« À notre arrivée, Grand Frère aîné et les gens du yamen étaient déjà partis au secours. Comme ils savaient qu'on avait envoyé du monde, Grand Frère aîné craignait que vous n'ayez des ennuis, alors il nous a ordonné, à plusieurs, de poursuivre au plus vite pour vérifier. » Celui qui menait le groupe s'appelait Da Zhi, tandis que les autres entouraient les deux hommes qui se débattent encore.
« C'est bien. Au fait, vous arrivez à point. Emmenez ces deux gaillards. » dit Hong Xiaoduo.
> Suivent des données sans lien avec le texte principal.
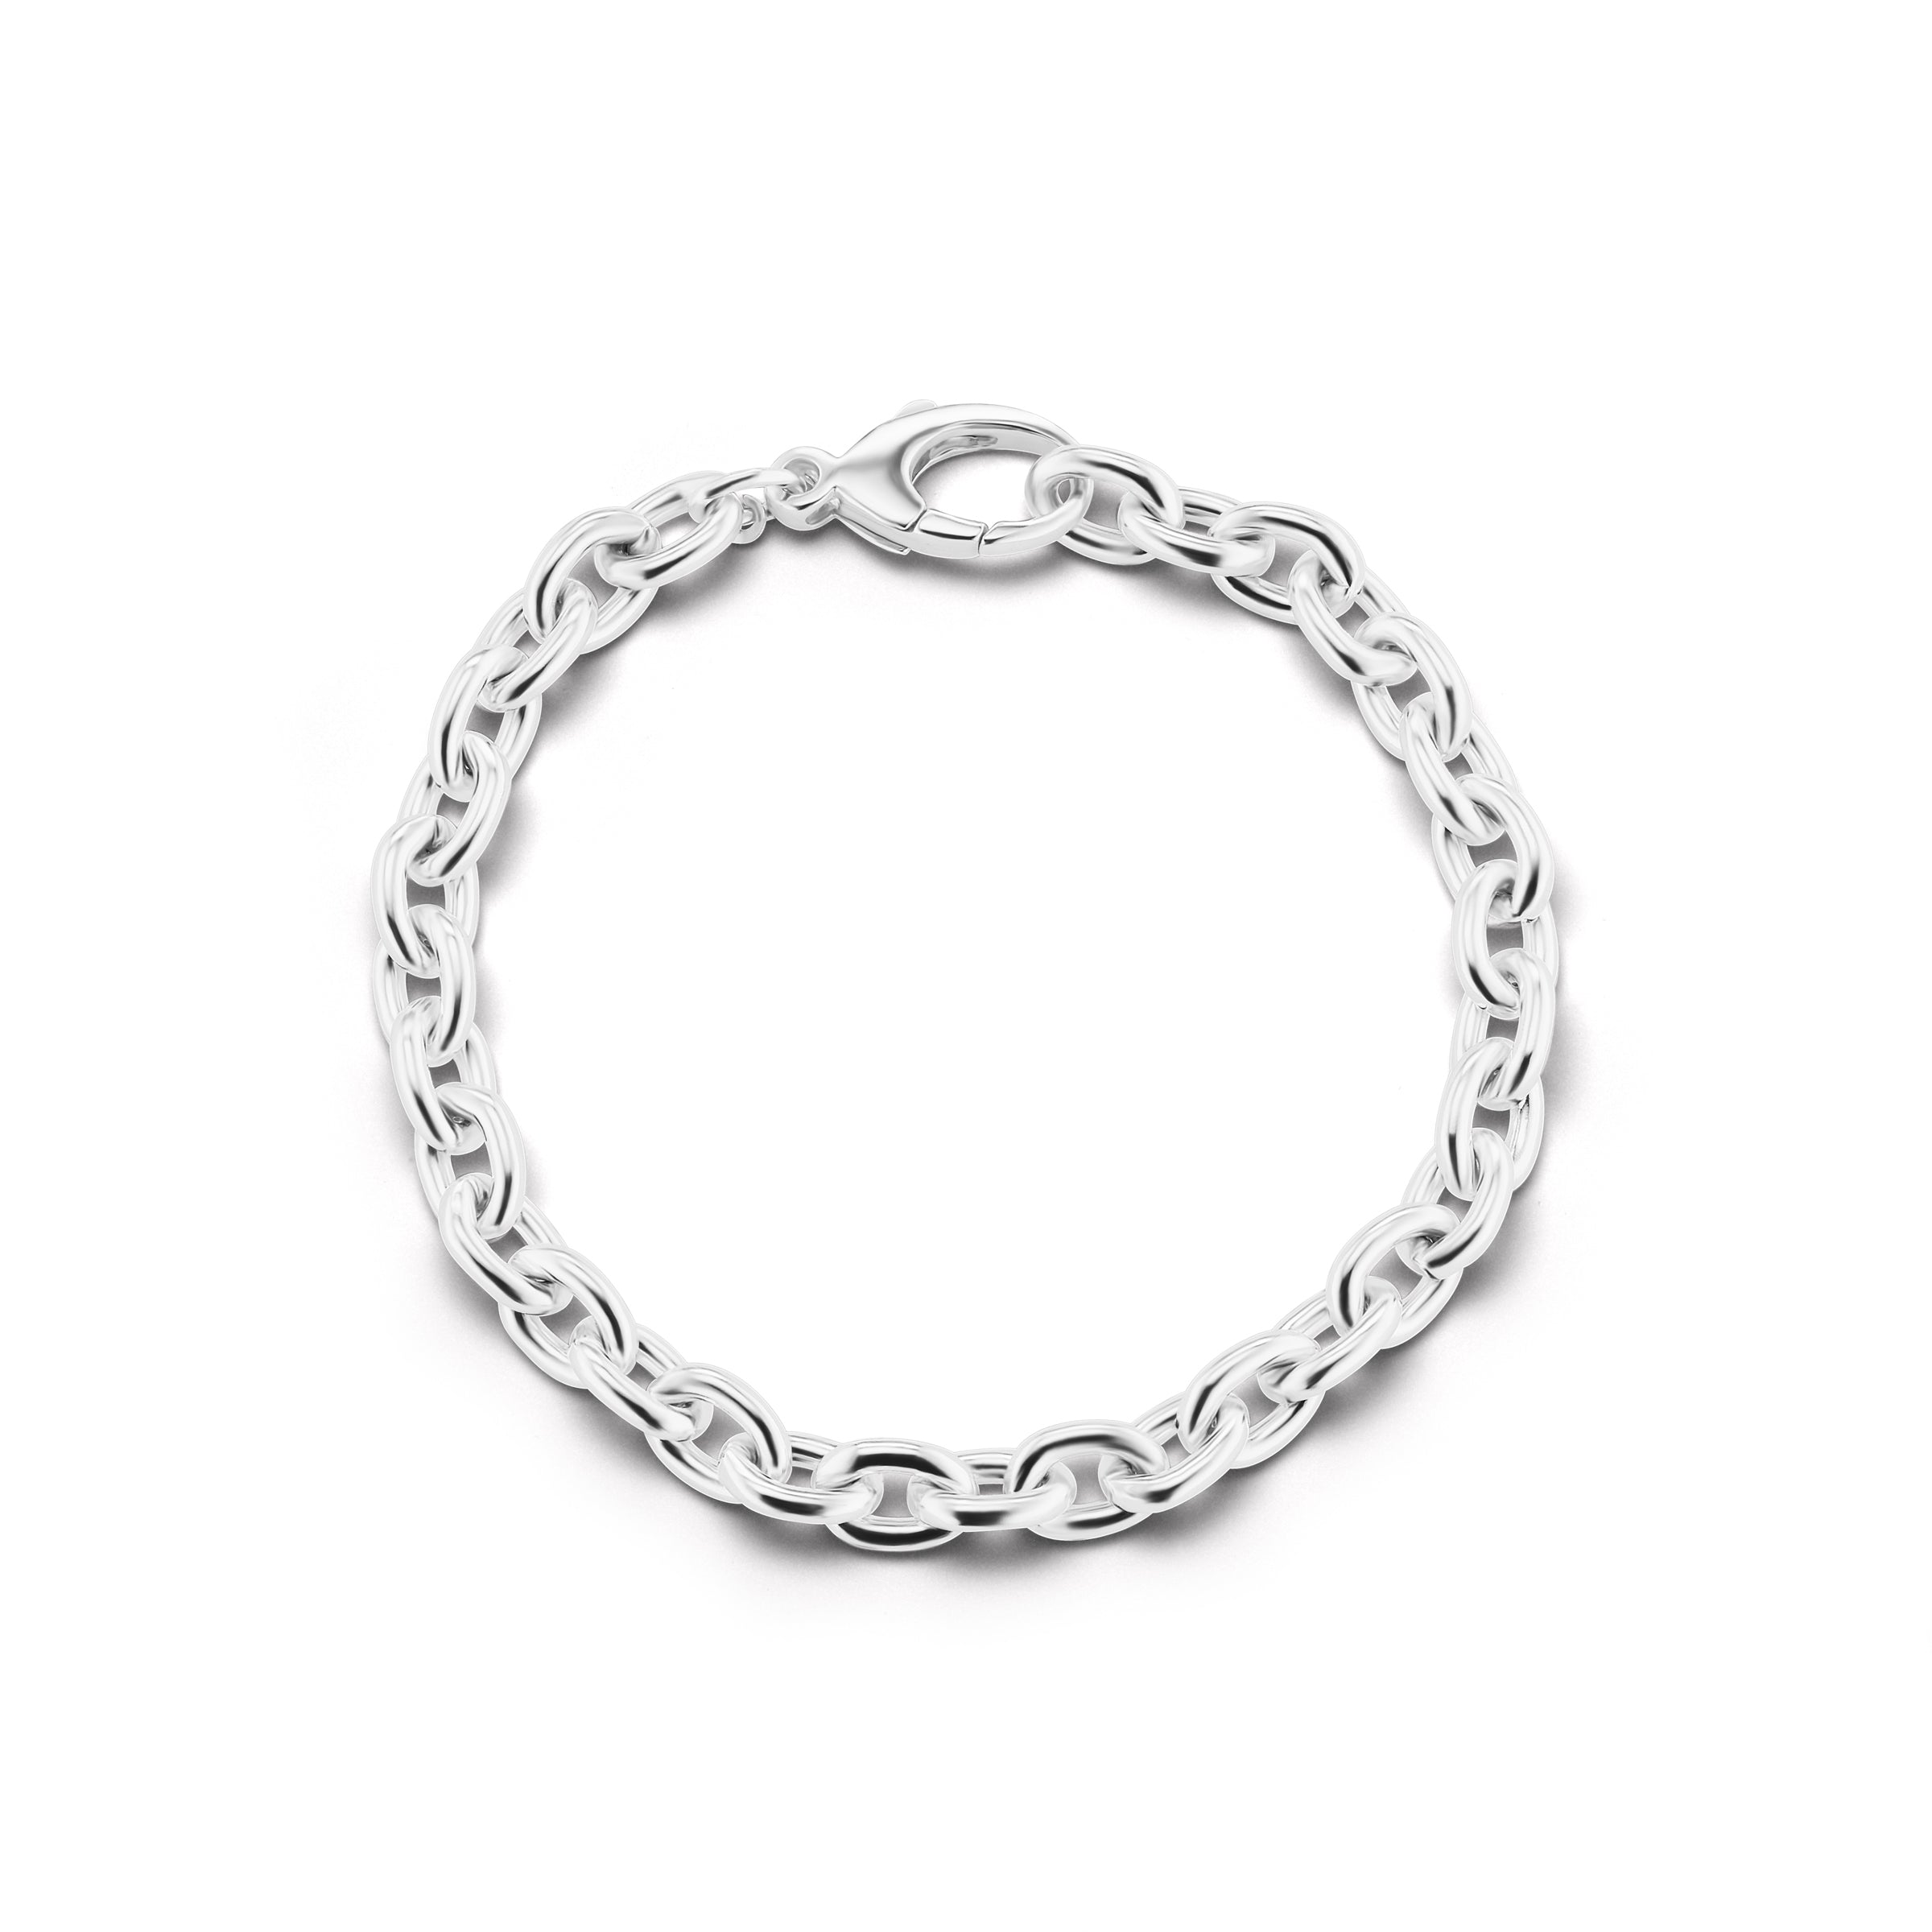 The Silver Ludlow Bracelet

« Cette jeune demoiselle ne compte-t-elle pas revenir avec nous ? Après avoir retrouvé la Seconde Maîtresse, nous devrions convenablement vous remercier, jeune demoiselle. » demanda un garde du corps.
Hong Xiaoduo sourit et secoua la tête : « Nous n'irons pas faire l'aller-retour. Ils ont commis le mal, ils ne devraient pas se formaliser de quelques témoins de plus, non ? »
L'entendant dire cela, voyant qu'elle n'avait vraiment pas l'intention de retourner en ville, les gardes du corps n'osèrent rien ajouter, se contentant de la regarder partir dans la charrette.
« Da Zhi, viens vite voir ! » Un garde du corps appela ceux qui assistaient encore au départ de la charrette.
Les deux misérables avaient déjà été rassemblés au même endroit. Da Zhi s'approcha, vit leurs blessures, et_pusha un souffle de stupeur.
La Seconde Maîtresse avait provoqué de tels individus, et ils lui avaient vraiment donné qu'une leçon légère !
Songeant aux affaires de la ville, ils ligotèrent les deux hommes, les jetèrent sur les chevaux, et reprirent le chemin de la ville.
Dans la charrette qui avançait, Hong Xiaoduo regarda le fouet souple dans sa main, puis toucha le sac contenant les cailloux, fort émue. Pouvait-elle, en comptant seulement sur ces deux choses, parcourir le monde martial ?
Ou bien n'avait-elle pas encore croisé de figures véritablement puissantes ?
C'était trop enfantin, trop simple, trop facile !
Tiens ? Ce n'est pas ça. Hong Xiaoduo se souvint soudain qu'elle avait oublié quelque chose. Après avoir réglé le sort de ces deux types aujourd'hui, elle avait omis de vérifier correctement leurs blessures. Sans vérifier, comment déterminer sa force ?
Faut-il retourner regarder ? Oublions, il y aura plein d'occasions plus tard.
Ah, c'est plutôt agréable. Des cailloux pour toucher ceux qui sont loin, et le fouet pour ceux qui sont près.
Elle vérifia ; il n'y avait pas de sang sur le fouet. Quant à savoir s'il y en avait sur les cailloux lancés comme armes cachées, elle s'en moquait.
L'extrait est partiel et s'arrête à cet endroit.